TASK GOAL — An exact transcription of the lines from the one holding "80 x T 45 cm" to the end of the entries below, and nothing more, is the required answer. Please omit the pictures.

..........

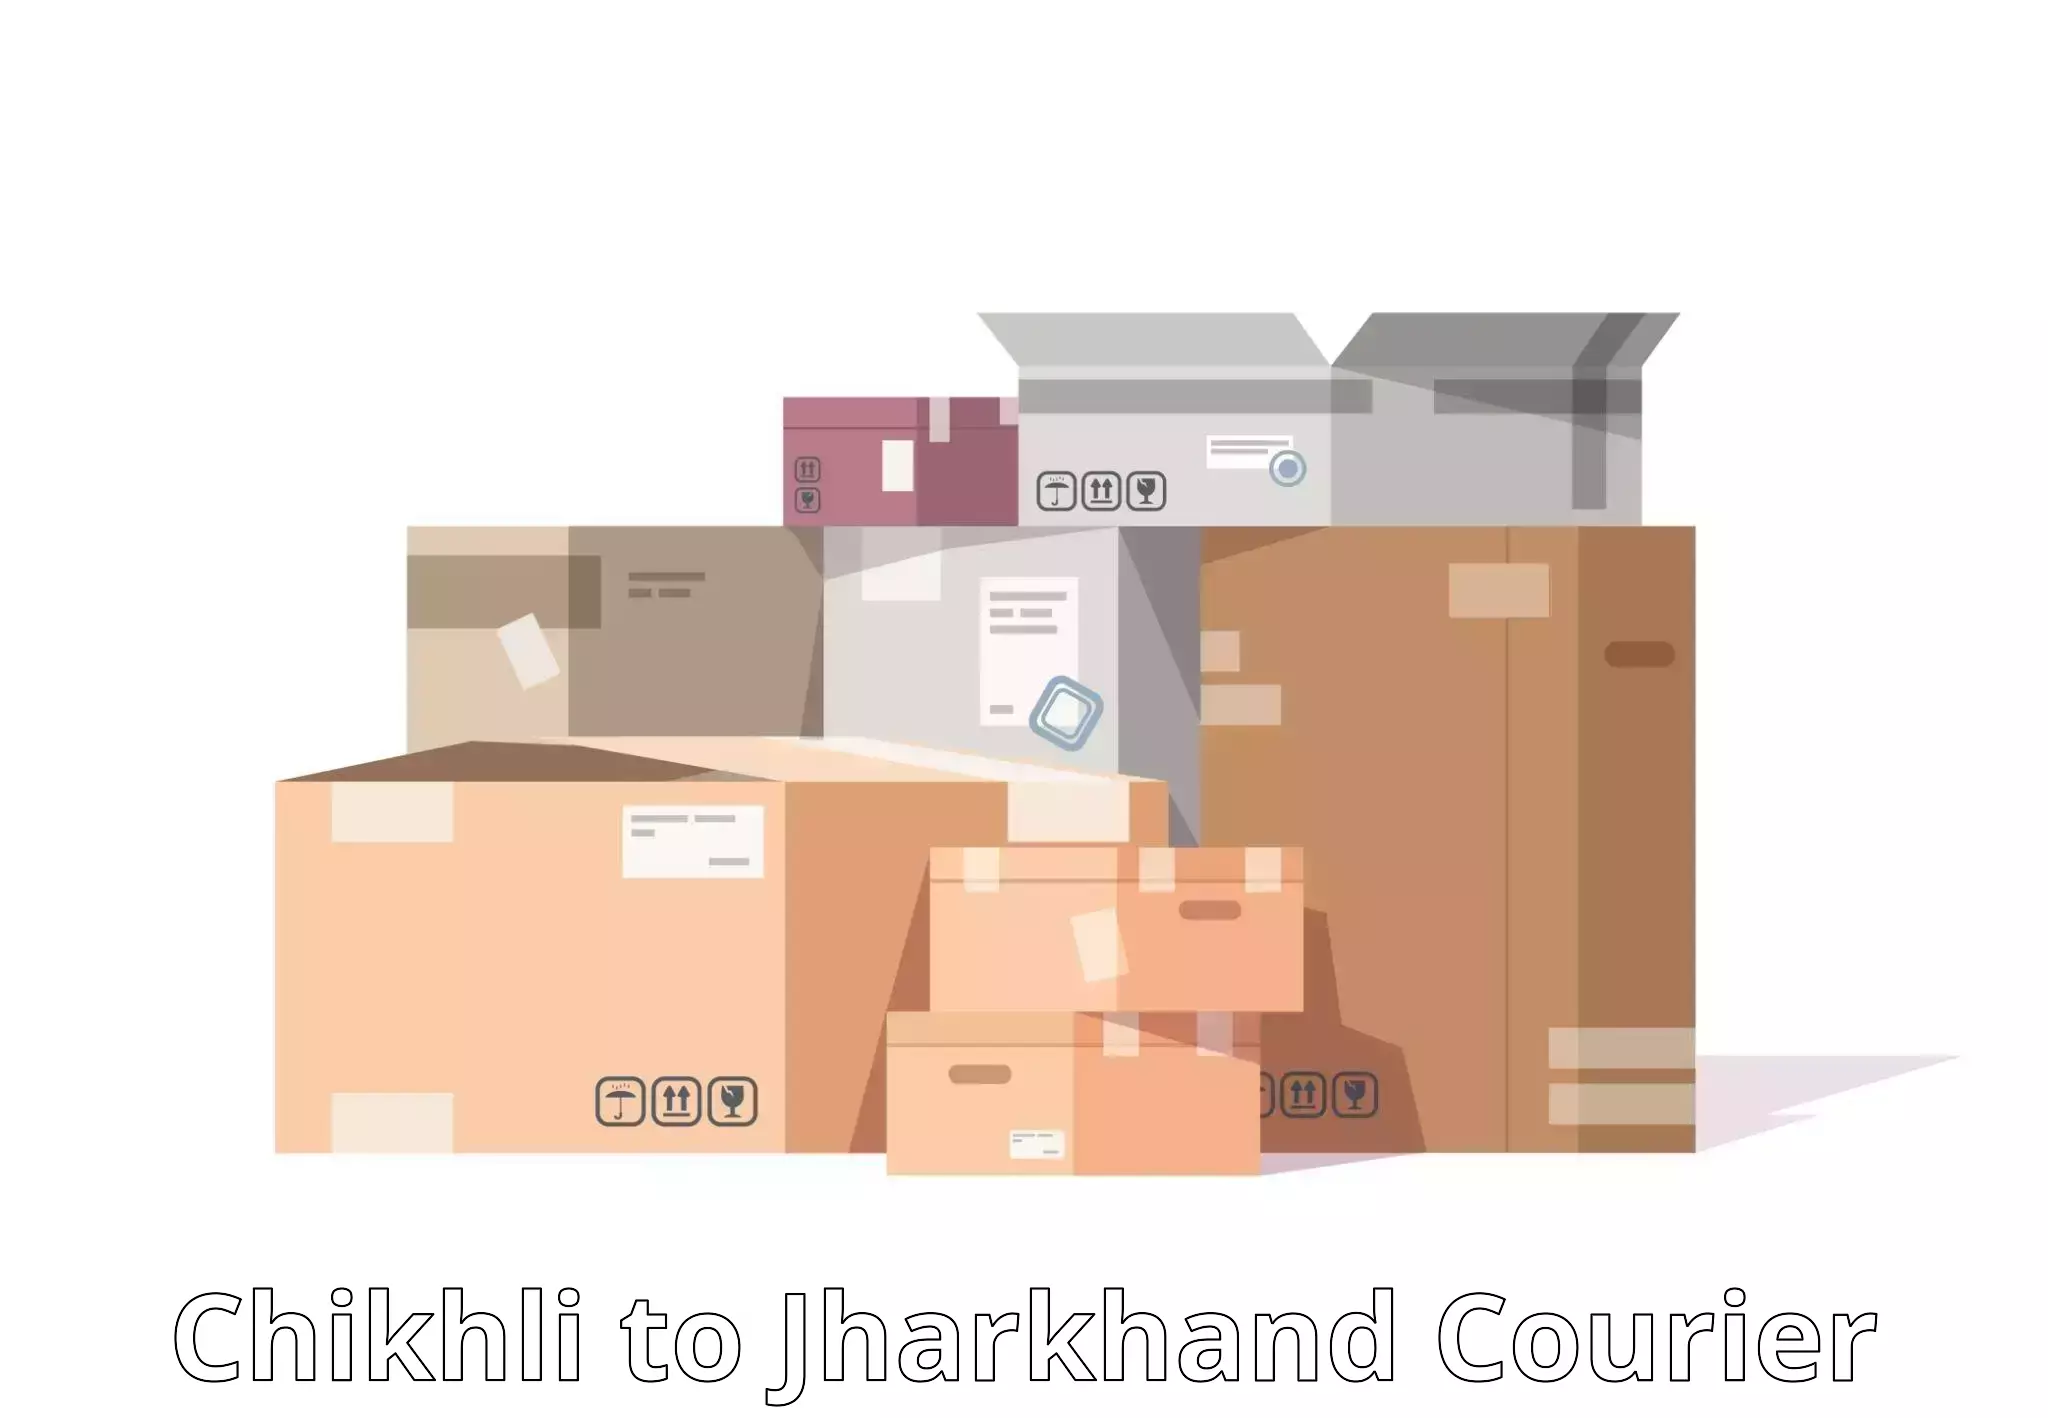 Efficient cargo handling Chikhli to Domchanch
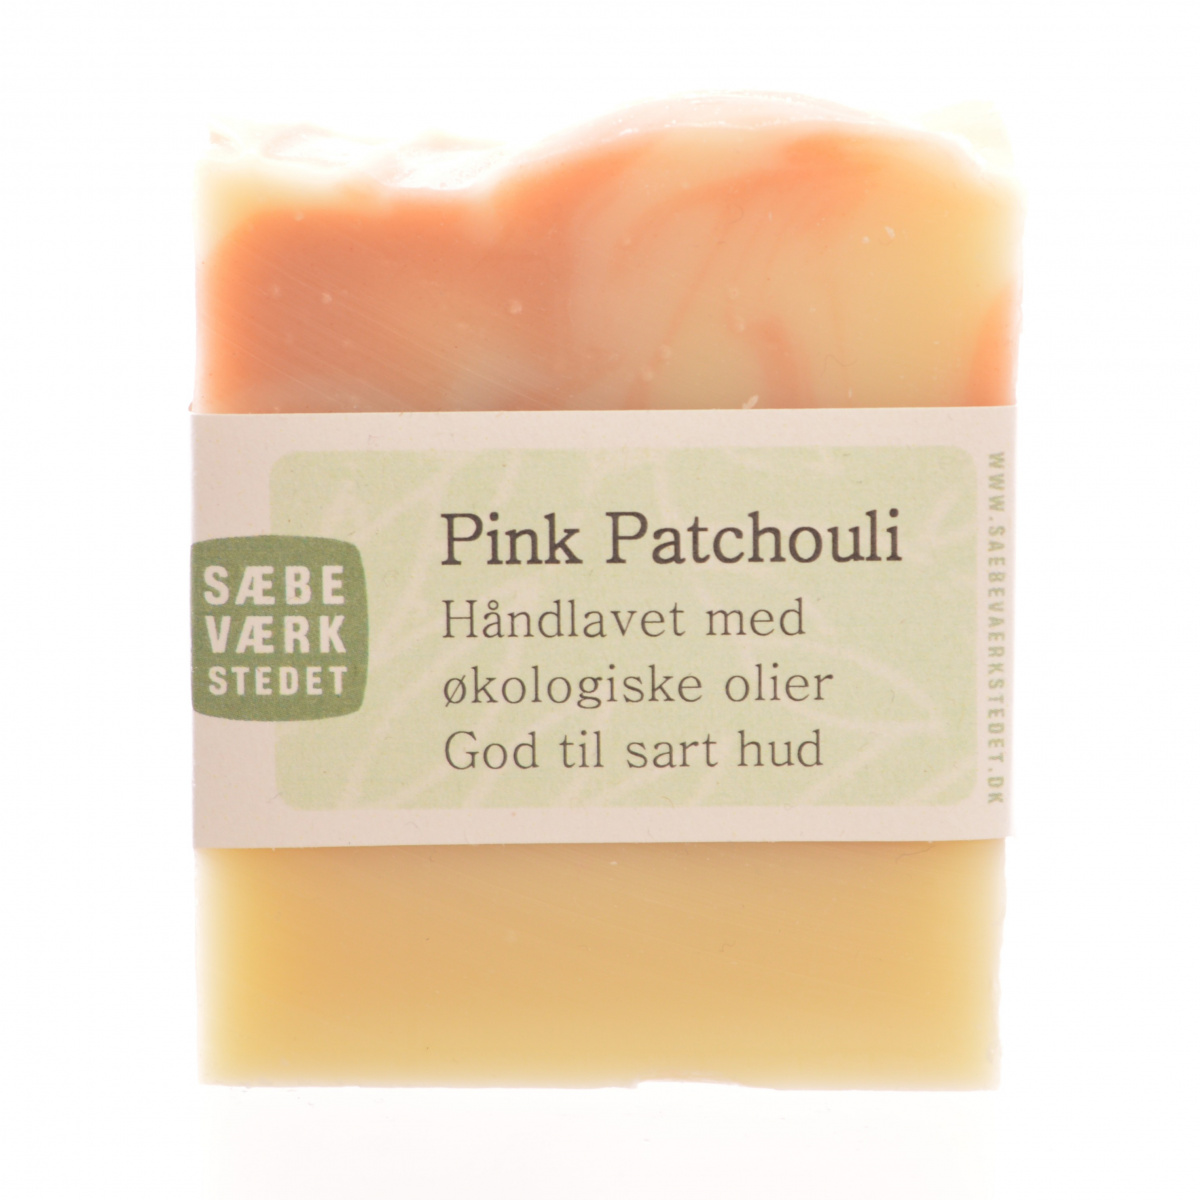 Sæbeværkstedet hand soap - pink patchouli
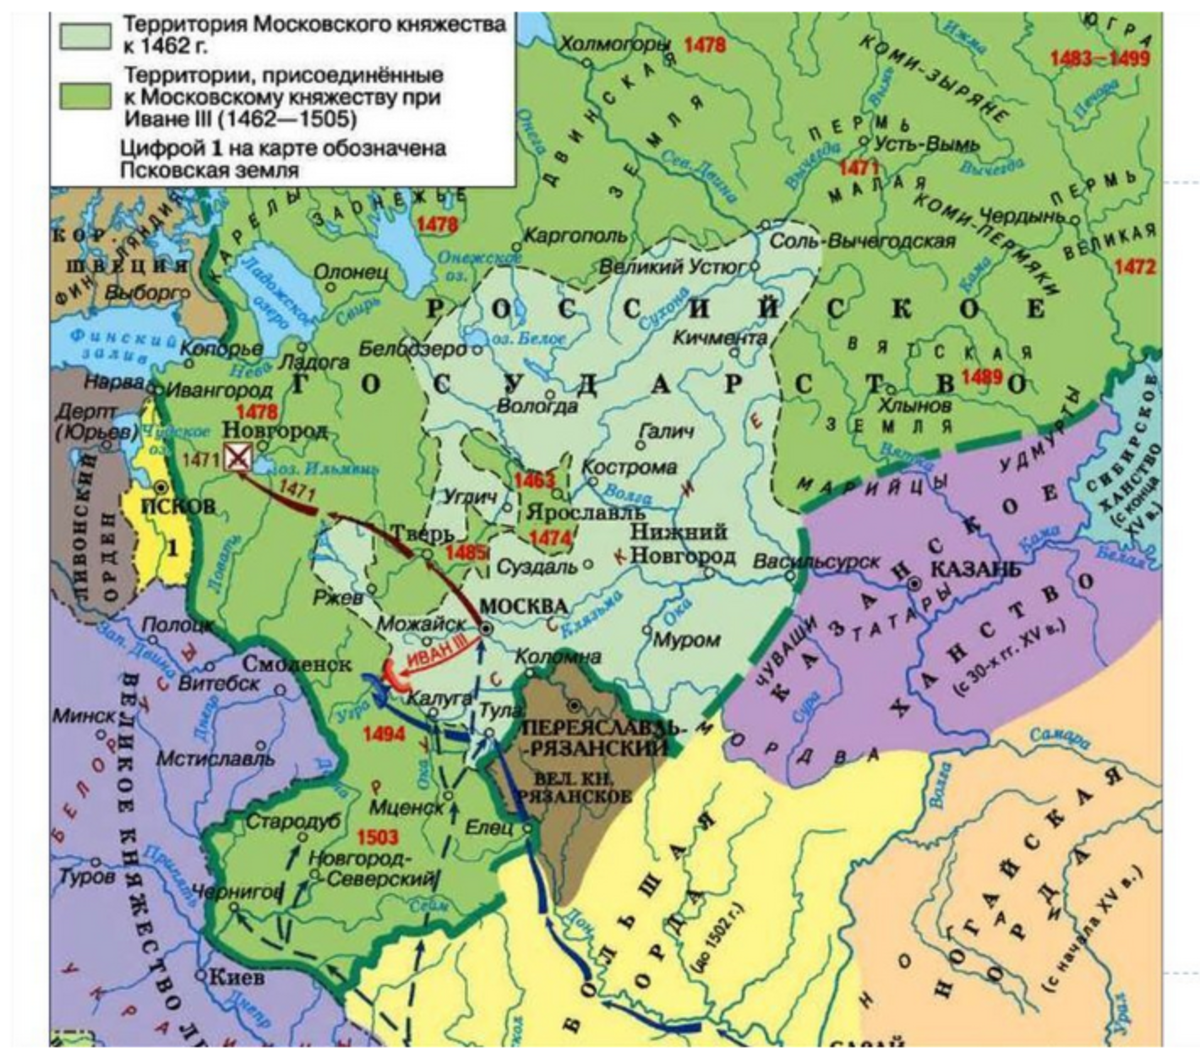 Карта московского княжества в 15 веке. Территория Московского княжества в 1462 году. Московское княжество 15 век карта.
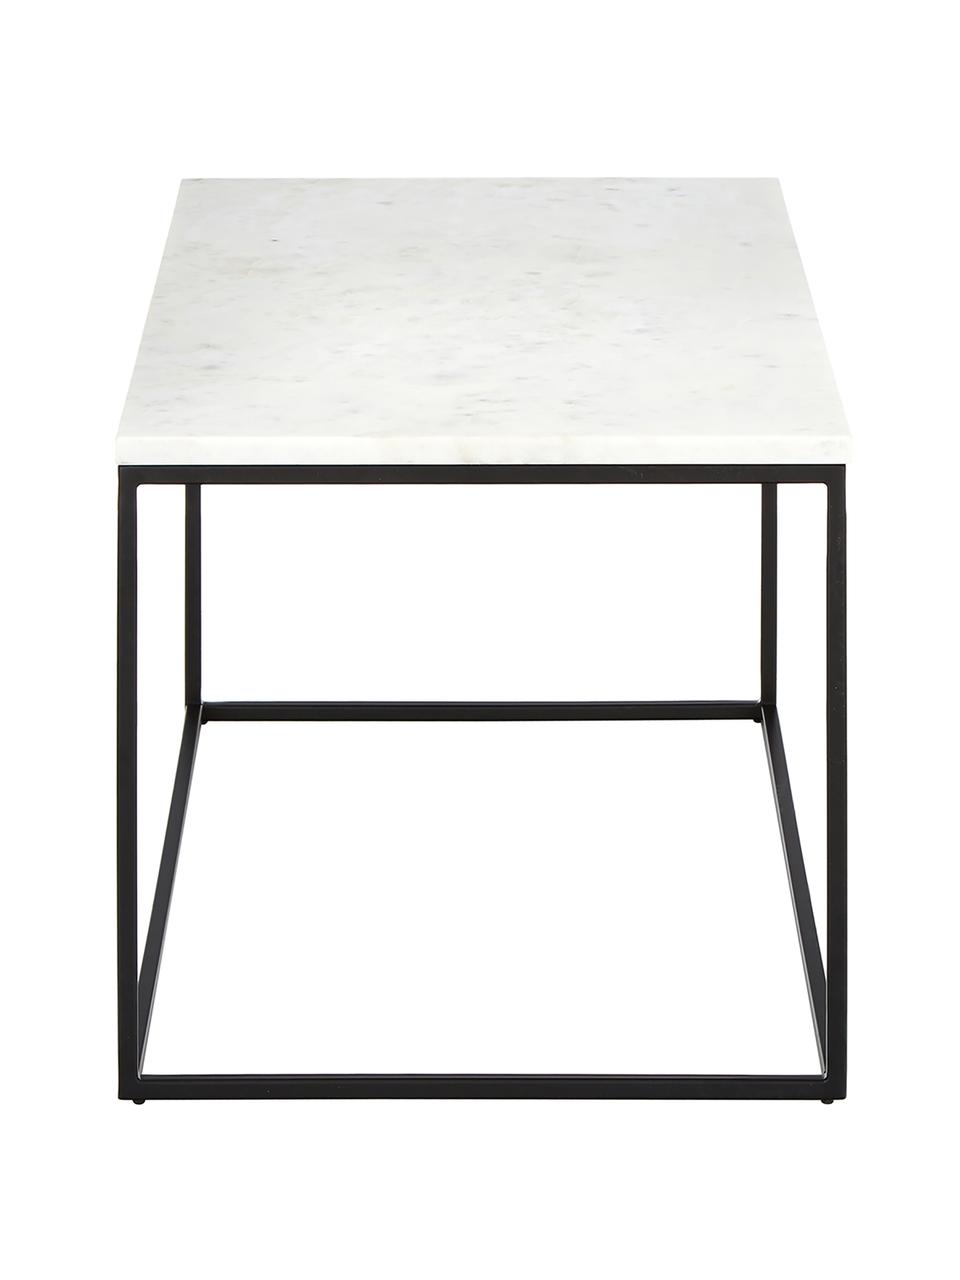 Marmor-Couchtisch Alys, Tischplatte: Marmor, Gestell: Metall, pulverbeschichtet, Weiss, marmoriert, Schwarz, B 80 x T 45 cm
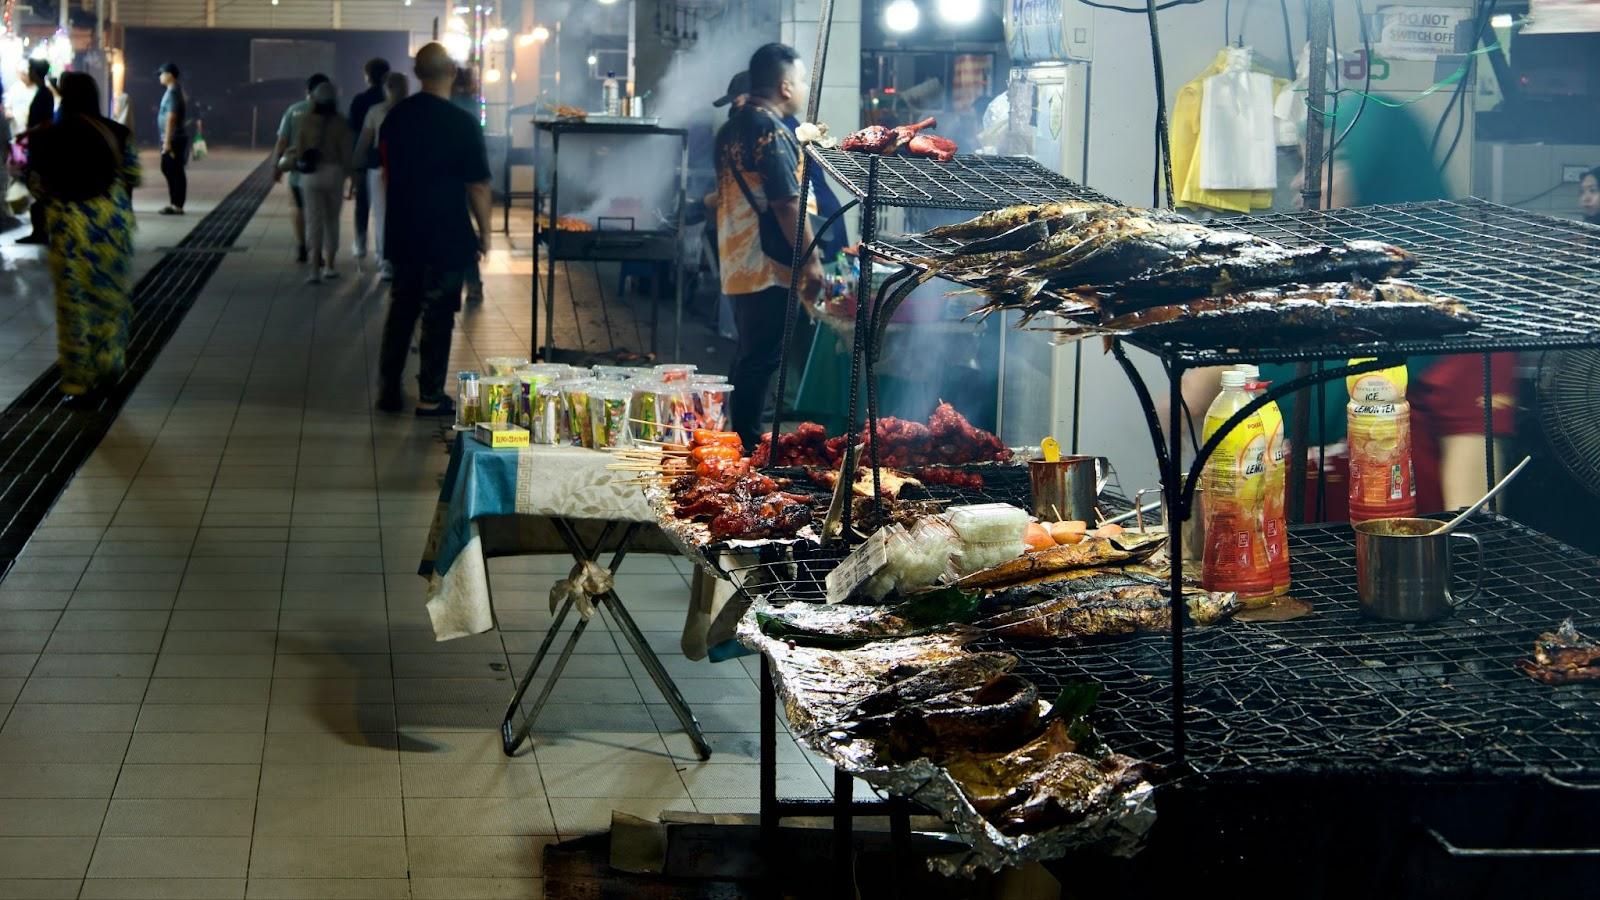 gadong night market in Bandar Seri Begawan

..........

OUTPUT BELOW —
 Marmor-Couchtisch Alys, Tischplatte: Marmor, Gestell: Metall, pulverbeschichtet, Weiss, marmoriert, Schwarz, B 80 x T 45 cm
 gadong night market in Bandar Seri Begawan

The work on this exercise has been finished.